Evening is based on the bestselling novel by Susan Minot, with a screenplay by the author of The Hours (Michael Cunningham) and directed by Oscar-nominated cinematographer Lajos Koltai. Aimed squarely at the female audience, it's a sort of Camomile Lawn-lite which jumps around in time from the present to events at an upscale New England wedding in the 1950s.
In the present day, Vanessa Redgrave plays Ann Grant, an elderly mother on her deathbed surrounded by her daughters (Toni Collette and Natasha Richardson). Floating in and out of lucidity as her final days approach, Ann makes cryptic references to a mysterious event in her past and one which is very much unknown to her daughters.
Prolonged flashback sequences take us back to the young Ann (Claire Danes) as she attends the wedding of her friend Lila Wittenborn (Mamie Gummer) in her exclusive shoreline family home. Here Ann encounters Lila's rakish brother (Hugh Dancy) as well as the charming if detached Harris (Patrick Wilson), and the three become connnected in a way that filmmakers usually like to tell us 'will change their lives forever'.
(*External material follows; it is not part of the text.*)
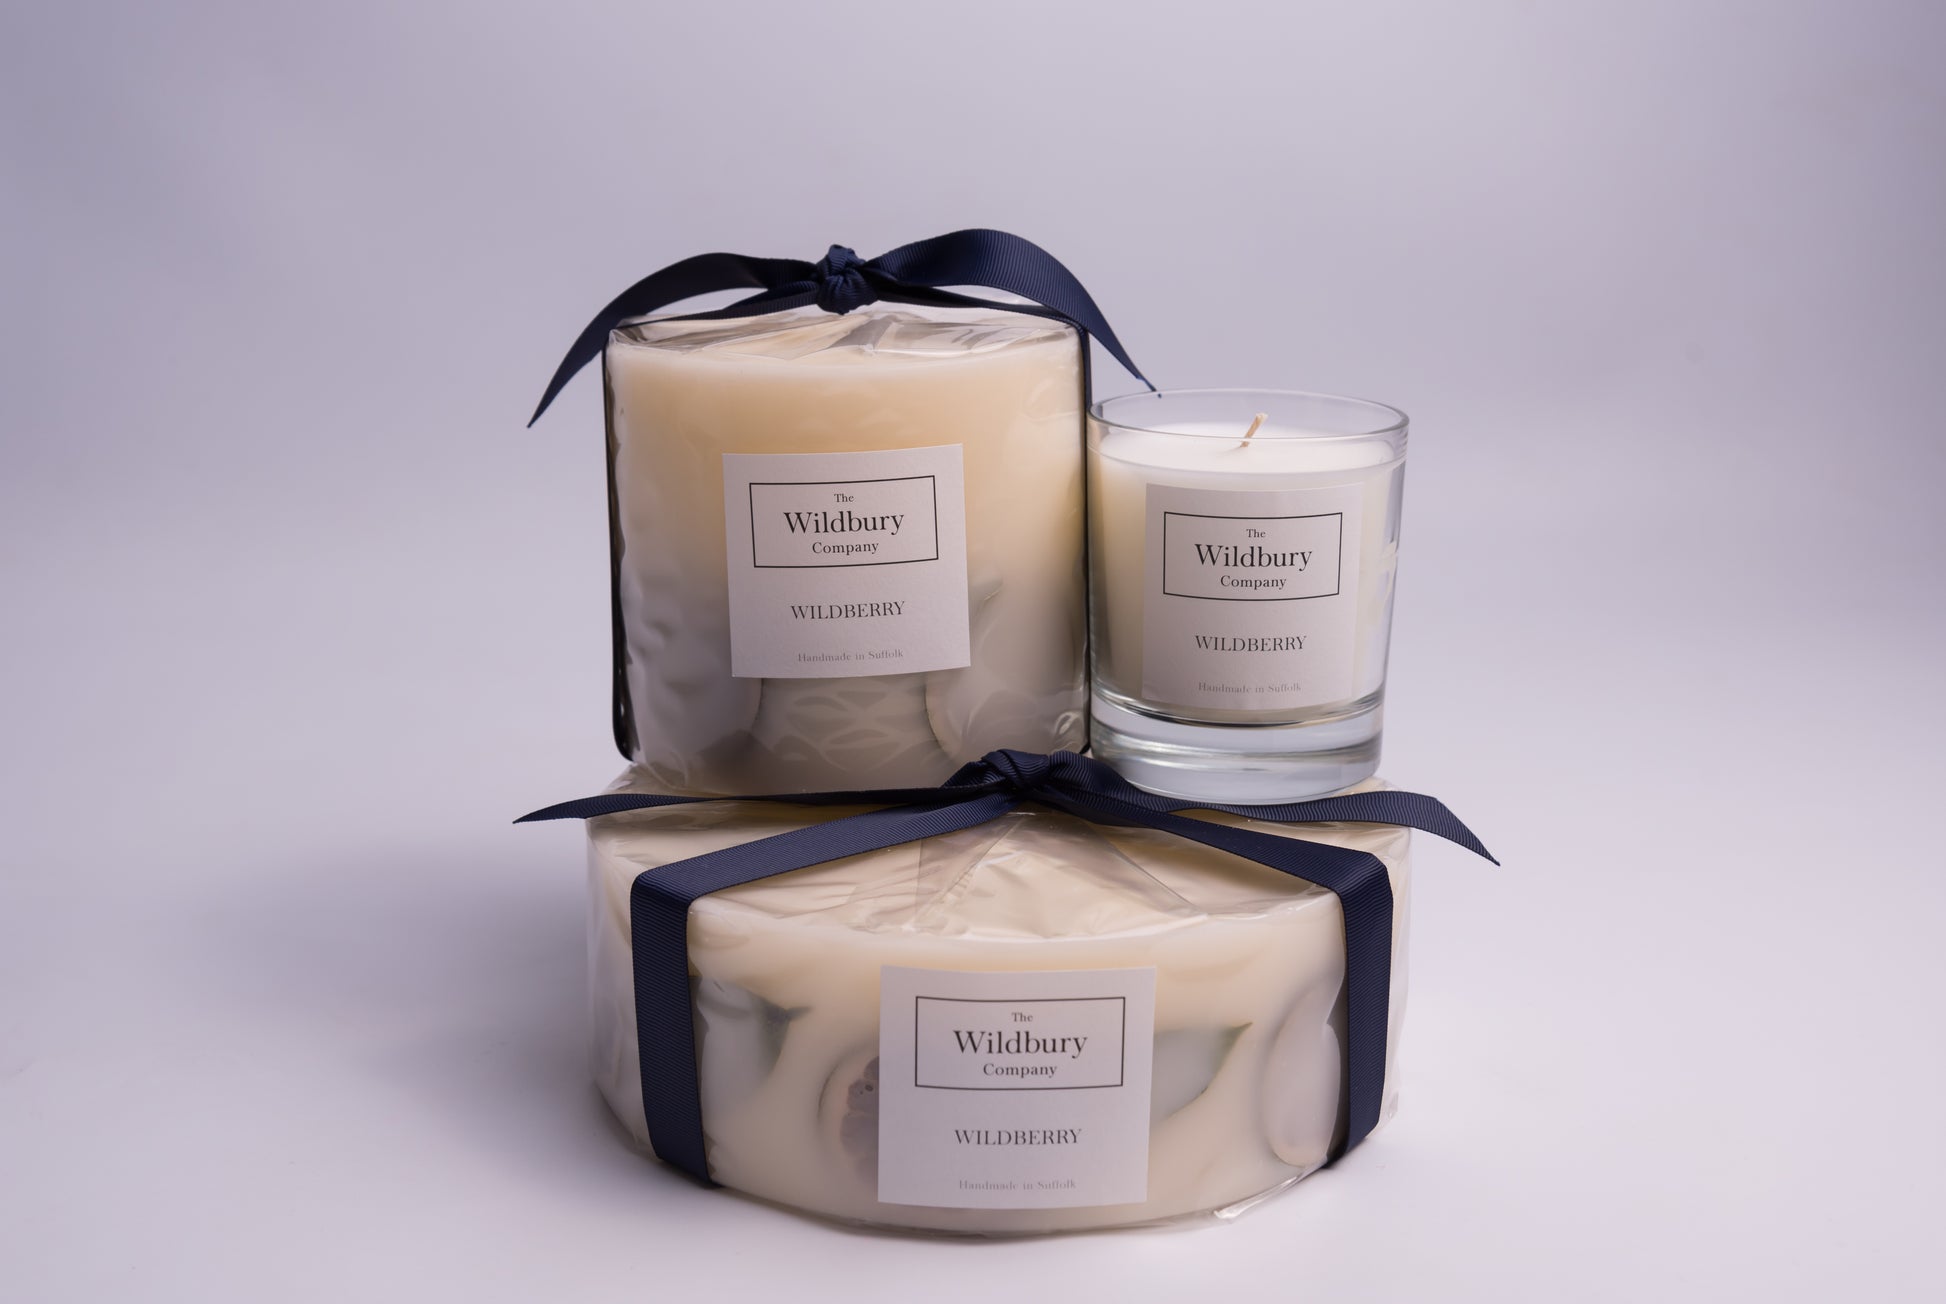 Group of the candles of different sizes in the Wildberry fragrance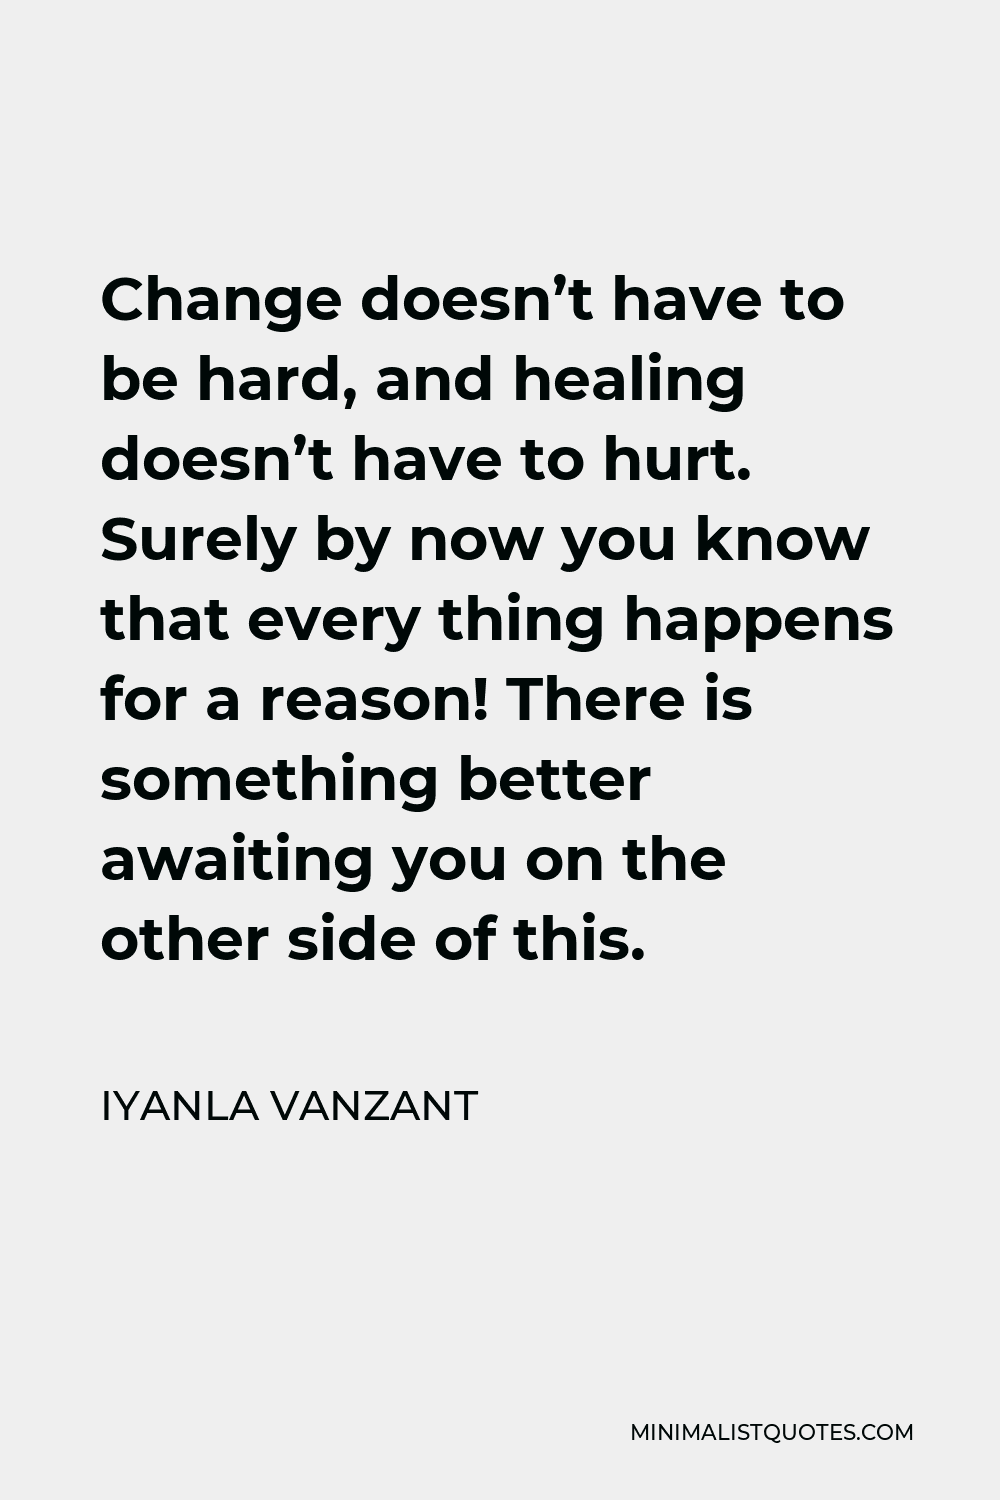 Iyanla Vanzant Quote - Change doesn’t have to be hard, and healing doesn’t have to hurt. Surely by now you know that every thing happens for a reason! There is something better awaiting you on the other side of this.

It's a very slow-moving piece, and while stylistically it bears some resemblances to Cunningham's novel and film The Hours, as a whole it veers more towards the Catherine Cookson or Mills and Boon approach. Giving Collette and Richardson too much in the way of back story slows it down even further in the modern sequences, as do some weird whimsical touches featuring Eileen Atkins as Redgrave's nurse.
Evening does possess a curous film fact in that two sets of real-life mothers and daughters play the same character at different ages: Meryl Streep - whose appearance towards the end of the film is a welcome breath of fresh air - and her daughter Mamie Gummer, as well as Redgrave and Richardson. But this unconvincing tale of wedding shenanigans is ultimately much ado about nothing.